You can include written notes in notebook cells using Markdown: 
   - In the control panel at the top, choose Cell > Cell Type > Markdown
   - Markdown syntax: http://nestacms.com/docs/creating-content/markdown-cheat-sheet


#### Resources
+ Experiment information and data source: http://www.povertyactionlab.org/evaluation/discrimination-job-market-united-states
+ Scipy statistical methods: http://docs.scipy.org/doc/scipy/reference/stats.html 
+ Markdown syntax: http://nestacms.com/docs/creating-content/markdown-cheat-sheet
</div>
****

In [1]:
import pandas as pd
import numpy as np
from scipy import stats

In [2]:
data = pd.io.stata.read_stata('data/us_job_market_discrimination.dta')

In [3]:
# number of callbacks for black-sounding names
sum(data[data.race=='b'].call)

157.0

In [4]:
data.head()

Unnamed: 0,id,ad,education,ofjobs,yearsexp,honors,volunteer,military,empholes,occupspecific,...,compreq,orgreq,manuf,transcom,bankreal,trade,busservice,othservice,missind,ownership
0,b,1,4,2,6,0,0,0,1,17,...,1.0,0.0,1.0,0.0,0.0,0.0,0.0,0.0,0.0,
1,b,1,3,3,6,0,1,1,0,316,...,1.0,0.0,1.0,0.0,0.0,0.0,0.0,0.0,0.0,
2,b,1,4,1,6,0,0,0,0,19,...,1.0,0.0,1.0,0.0,0.0,0.0,0.0,0.0,0.0,
3,b,1,3,4,6,0,1,0,1,313,...,1.0,0.0,1.0,0.0,0.0,0.0,0.0,0.0,0.0,
4,b,1,3,3,22,0,0,0,0,313,...,1.0,1.0,0.0,0.0,0.0,0.0,0.0,1.0,0.0,Nonprofit


In [5]:
len(data)

4870

## 1. What test is appropriate for this problem? Does CLT apply?

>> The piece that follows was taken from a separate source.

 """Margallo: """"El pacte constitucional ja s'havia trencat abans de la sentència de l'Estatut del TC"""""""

I think the best test would be a Chi Square test to look at if the proportion of calls seems reasonable.

There are sufficent data points for CLT, it claims to be random, and these would be independent points.

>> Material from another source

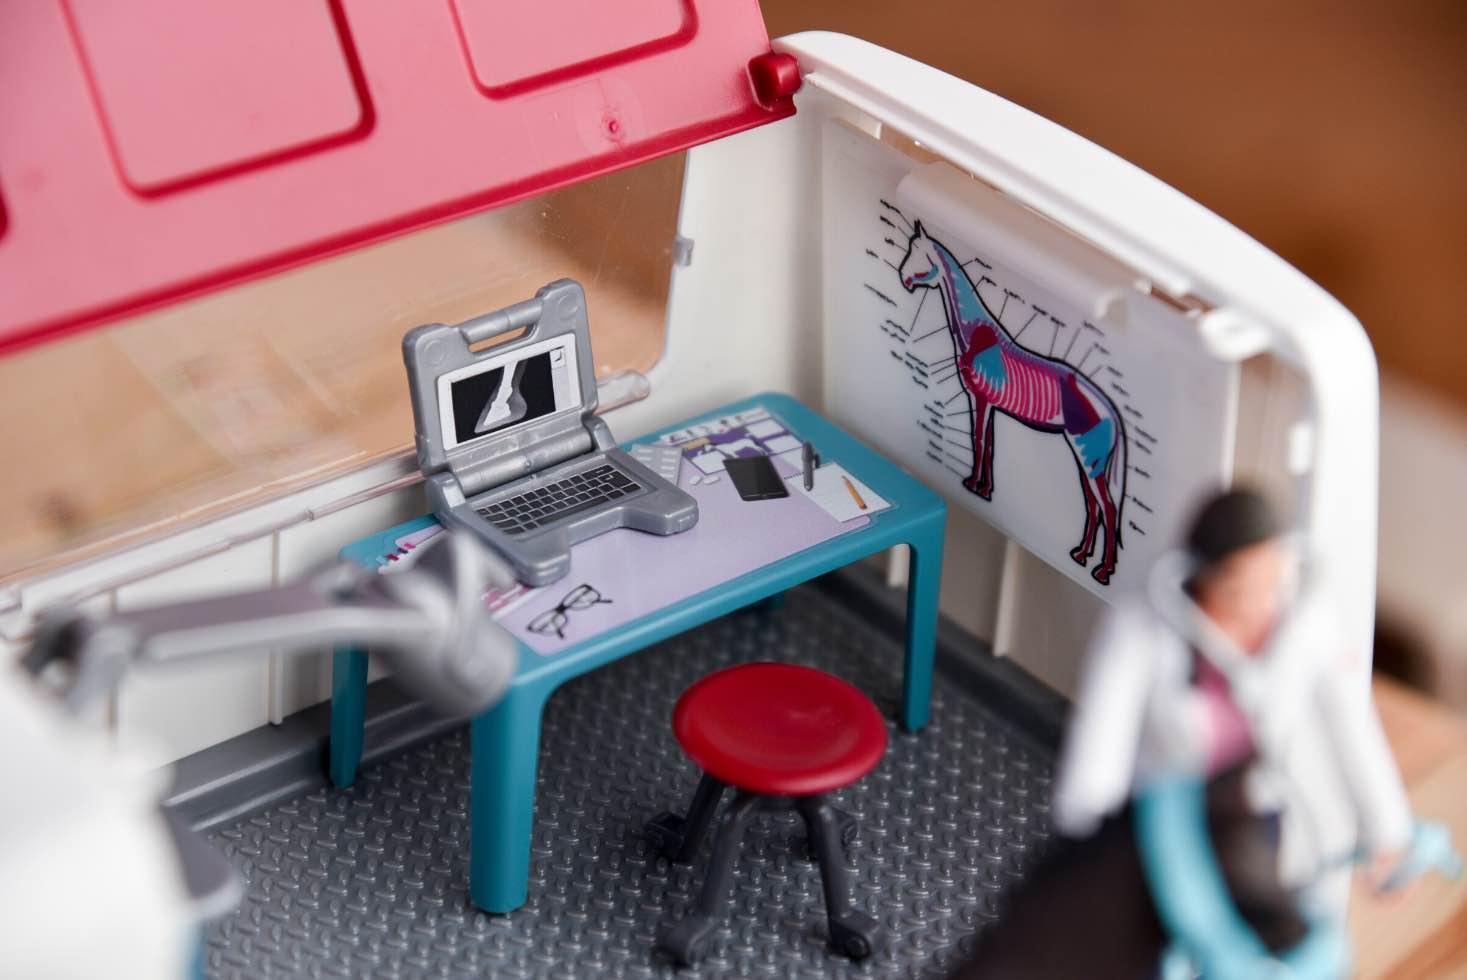 Röntgengerät und Laptop zum Tierarzt-Spielen. Spielzeug.

## 2. What are the null and alternate hypotheses?

The null hypothesis is that there is no difference in frequency of call backs due to race. 

The alternative is that there is. Specifically, in looking at discrimination, do white names get more responses than black names?

## 3. Compute margin of error, confidence interval, and p-value.

In [6]:
race = data.race
call = data.call

In [7]:
call.value_counts(),race.value_counts()

(0.0    4478
 1.0     392
 Name: call, dtype: int64, b    2435
 w    2435
 Name: race, dtype: int64)

In [12]:
x = call.value_counts()
x[1]

392

In [8]:
wc = 0
bc = 0
for i in range(len(race)):
    if race[i] == 'w' and call[i] == 1:
        wc = wc + 1
    if race[i] == 'b' and call[i] == 1:
        bc = bc + 1

wnc = 2435 - wc
bnc = 2435 - bc

In [9]:
table = pd.DataFrame([[wnc, bnc],[wc, bc]],columns = ['White', 'Black'])
print(table)

   White  Black
0   2200   2278
1    235    157


In [47]:
stats.chi2_contingency(table)

(16.449028584189371, 4.9975783899632552e-05, 1, array([[ 2239.,  2239.],
        [  196.,   196.]]))

My own calculations were very similar: chi^2 = 16.879, p = .00004. 

Note, there is no confidence interval to compute here. It is simply an analysis of how likely this distribution is to have occured assuming equal treatment.

## 4. Write a story describing the statistical significance in the context or the original problem.

In order to test racial discrimination, resumes were sent out with the same qualifications but different names. Some of these names sounded black, while some sounded white. The rate of contact from these resumes was recorded and organized. 

When looking at the frequency of call backs, there is an advantage to white sounding names (235 compared to 157 call backs). With a total call back rate of 8%, the expect rate for both would be 196 for each race assuming no discrimination. 

A chisquare analysis of the observed frequencies to the expected showed a chisquare of around 16.5, which has a probablilty of about 0.004% of occuring through random chance alone. This means it is likely that there is discrimination occuring based on names.

## 5. Does your analysis mean that race/name is the most important factor in callback success? Why or why not? If not, how would you amend your analysis?

This does not mean that race/name is the most important factor in receiving a call. It simply means that there was a statisitcally significant difference based on callback rates from race.

There are other confounding variables, however. Gender, experience level, resume quality, or address could also play a (potentially bigger) role. Conducting additional frequency tests, or moving to a regression analysis would be illuminating.